WORK REQUIRED:
Without any omission, reproduce the records that follow.

Dataset entries
════════

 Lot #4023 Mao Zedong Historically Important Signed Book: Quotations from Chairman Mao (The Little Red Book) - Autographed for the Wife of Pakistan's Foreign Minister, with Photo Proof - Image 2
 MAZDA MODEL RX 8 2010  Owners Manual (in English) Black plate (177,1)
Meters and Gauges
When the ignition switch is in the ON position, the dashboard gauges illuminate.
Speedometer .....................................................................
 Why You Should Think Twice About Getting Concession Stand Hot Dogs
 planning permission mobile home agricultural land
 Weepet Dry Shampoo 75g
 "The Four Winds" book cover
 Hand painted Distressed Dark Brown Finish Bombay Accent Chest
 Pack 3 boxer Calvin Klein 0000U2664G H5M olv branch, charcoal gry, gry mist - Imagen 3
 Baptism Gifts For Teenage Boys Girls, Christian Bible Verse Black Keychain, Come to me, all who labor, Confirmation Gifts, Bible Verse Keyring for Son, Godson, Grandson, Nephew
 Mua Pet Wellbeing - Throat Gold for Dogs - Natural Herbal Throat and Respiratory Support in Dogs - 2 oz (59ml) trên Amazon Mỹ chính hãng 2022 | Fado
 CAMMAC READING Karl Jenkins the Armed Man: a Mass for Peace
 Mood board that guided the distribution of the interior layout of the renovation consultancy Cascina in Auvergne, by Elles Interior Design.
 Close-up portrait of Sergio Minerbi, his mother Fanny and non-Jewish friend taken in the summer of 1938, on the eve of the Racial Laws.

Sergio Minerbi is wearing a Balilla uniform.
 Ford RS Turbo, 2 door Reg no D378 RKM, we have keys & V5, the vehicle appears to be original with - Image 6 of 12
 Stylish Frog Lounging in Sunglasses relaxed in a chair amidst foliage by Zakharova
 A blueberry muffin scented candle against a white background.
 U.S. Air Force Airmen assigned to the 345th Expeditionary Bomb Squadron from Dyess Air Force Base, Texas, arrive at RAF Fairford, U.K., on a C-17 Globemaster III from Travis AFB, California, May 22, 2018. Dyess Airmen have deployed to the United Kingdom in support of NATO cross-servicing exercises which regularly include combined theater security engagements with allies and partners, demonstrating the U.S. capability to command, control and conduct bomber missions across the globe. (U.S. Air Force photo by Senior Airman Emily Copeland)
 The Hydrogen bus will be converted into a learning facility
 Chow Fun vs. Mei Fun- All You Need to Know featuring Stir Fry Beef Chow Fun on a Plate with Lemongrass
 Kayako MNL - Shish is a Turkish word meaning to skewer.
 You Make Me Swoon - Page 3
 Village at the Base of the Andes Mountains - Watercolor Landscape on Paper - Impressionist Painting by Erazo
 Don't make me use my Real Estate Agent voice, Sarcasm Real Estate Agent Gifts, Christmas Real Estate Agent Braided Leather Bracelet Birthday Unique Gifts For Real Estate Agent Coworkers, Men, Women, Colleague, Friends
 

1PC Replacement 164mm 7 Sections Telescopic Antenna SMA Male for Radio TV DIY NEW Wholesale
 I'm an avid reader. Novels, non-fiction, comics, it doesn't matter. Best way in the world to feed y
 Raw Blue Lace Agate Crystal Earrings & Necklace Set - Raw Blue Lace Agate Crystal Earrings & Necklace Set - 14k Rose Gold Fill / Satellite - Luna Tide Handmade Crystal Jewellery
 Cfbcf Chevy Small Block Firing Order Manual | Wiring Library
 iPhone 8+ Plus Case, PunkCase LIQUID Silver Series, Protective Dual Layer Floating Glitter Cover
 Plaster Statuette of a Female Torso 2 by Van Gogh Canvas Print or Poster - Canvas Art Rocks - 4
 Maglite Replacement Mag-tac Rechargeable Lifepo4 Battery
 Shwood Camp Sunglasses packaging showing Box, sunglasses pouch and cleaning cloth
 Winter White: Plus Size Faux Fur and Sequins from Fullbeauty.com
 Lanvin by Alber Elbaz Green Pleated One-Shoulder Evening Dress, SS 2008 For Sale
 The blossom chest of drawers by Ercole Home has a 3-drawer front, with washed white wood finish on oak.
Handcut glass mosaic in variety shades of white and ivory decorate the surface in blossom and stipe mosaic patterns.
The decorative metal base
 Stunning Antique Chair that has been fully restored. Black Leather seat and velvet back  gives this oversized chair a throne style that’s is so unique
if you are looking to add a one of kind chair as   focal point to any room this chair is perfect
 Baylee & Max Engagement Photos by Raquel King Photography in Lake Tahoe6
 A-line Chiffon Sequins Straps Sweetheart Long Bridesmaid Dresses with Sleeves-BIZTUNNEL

════════

RESULT OF THIS TASK:
 Lot #4023 Mao Zedong Historically Important Signed Book: Quotations from Chairman Mao (The Little Red Book) - Autographed for the Wife of Pakistan's Foreign Minister, with Photo Proof - Image 2
 MAZDA MODEL RX 8 2010  Owners Manual (in English) Black plate (177,1)
Meters and Gauges
When the ignition switch is in the ON position, the dashboard gauges illuminate.
Speedometer .....................................................................
 Why You Should Think Twice About Getting Concession Stand Hot Dogs
 planning permission mobile home agricultural land
 Weepet Dry Shampoo 75g
 "The Four Winds" book cover
 Hand painted Distressed Dark Brown Finish Bombay Accent Chest
 Pack 3 boxer Calvin Klein 0000U2664G H5M olv branch, charcoal gry, gry mist - Imagen 3
 Baptism Gifts For Teenage Boys Girls, Christian Bible Verse Black Keychain, Come to me, all who labor, Confirmation Gifts, Bible Verse Keyring for Son, Godson, Grandson, Nephew
 Mua Pet Wellbeing - Throat Gold for Dogs - Natural Herbal Throat and Respiratory Support in Dogs - 2 oz (59ml) trên Amazon Mỹ chính hãng 2022 | Fado
 CAMMAC READING Karl Jenkins the Armed Man: a Mass for Peace
 Mood board that guided the distribution of the interior layout of the renovation consultancy Cascina in Auvergne, by Elles Interior Design.
 Close-up portrait of Sergio Minerbi, his mother Fanny and non-Jewish friend taken in the summer of 1938, on the eve of the Racial Laws.

Sergio Minerbi is wearing a Balilla uniform.
 Ford RS Turbo, 2 door Reg no D378 RKM, we have keys & V5, the vehicle appears to be original with - Image 6 of 12
 Stylish Frog Lounging in Sunglasses relaxed in a chair amidst foliage by Zakharova
 A blueberry muffin scented candle against a white background.
 U.S. Air Force Airmen assigned to the 345th Expeditionary Bomb Squadron from Dyess Air Force Base, Texas, arrive at RAF Fairford, U.K., on a C-17 Globemaster III from Travis AFB, California, May 22, 2018. Dyess Airmen have deployed to the United Kingdom in support of NATO cross-servicing exercises which regularly include combined theater security engagements with allies and partners, demonstrating the U.S. capability to command, control and conduct bomber missions across the globe. (U.S. Air Force photo by Senior Airman Emily Copeland)
 The Hydrogen bus will be converted into a learning facility
 Chow Fun vs. Mei Fun- All You Need to Know featuring Stir Fry Beef Chow Fun on a Plate with Lemongrass
 Kayako MNL - Shish is a Turkish word meaning to skewer.
 You Make Me Swoon - Page 3
 Village at the Base of the Andes Mountains - Watercolor Landscape on Paper - Impressionist Painting by Erazo
 Don't make me use my Real Estate Agent voice, Sarcasm Real Estate Agent Gifts, Christmas Real Estate Agent Braided Leather Bracelet Birthday Unique Gifts For Real Estate Agent Coworkers, Men, Women, Colleague, Friends
 

1PC Replacement 164mm 7 Sections Telescopic Antenna SMA Male for Radio TV DIY NEW Wholesale
 I'm an avid reader. Novels, non-fiction, comics, it doesn't matter. Best way in the world to feed y
 Raw Blue Lace Agate Crystal Earrings & Necklace Set - Raw Blue Lace Agate Crystal Earrings & Necklace Set - 14k Rose Gold Fill / Satellite - Luna Tide Handmade Crystal Jewellery
 Cfbcf Chevy Small Block Firing Order Manual | Wiring Library
 iPhone 8+ Plus Case, PunkCase LIQUID Silver Series, Protective Dual Layer Floating Glitter Cover
 Plaster Statuette of a Female Torso 2 by Van Gogh Canvas Print or Poster - Canvas Art Rocks - 4
 Maglite Replacement Mag-tac Rechargeable Lifepo4 Battery
 Shwood Camp Sunglasses packaging showing Box, sunglasses pouch and cleaning cloth
 Winter White: Plus Size Faux Fur and Sequins from Fullbeauty.com
 Lanvin by Alber Elbaz Green Pleated One-Shoulder Evening Dress, SS 2008 For Sale
 The blossom chest of drawers by Ercole Home has a 3-drawer front, with washed white wood finish on oak.
Handcut glass mosaic in variety shades of white and ivory decorate the surface in blossom and stipe mosaic patterns.
The decorative metal base
 Stunning Antique Chair that has been fully restored. Black Leather seat and velvet back  gives this oversized chair a throne style that’s is so unique
if you are looking to add a one of kind chair as   focal point to any room this chair is perfect
 Baylee & Max Engagement Photos by Raquel King Photography in Lake Tahoe6
 A-line Chiffon Sequins Straps Sweetheart Long Bridesmaid Dresses with Sleeves-BIZTUNNEL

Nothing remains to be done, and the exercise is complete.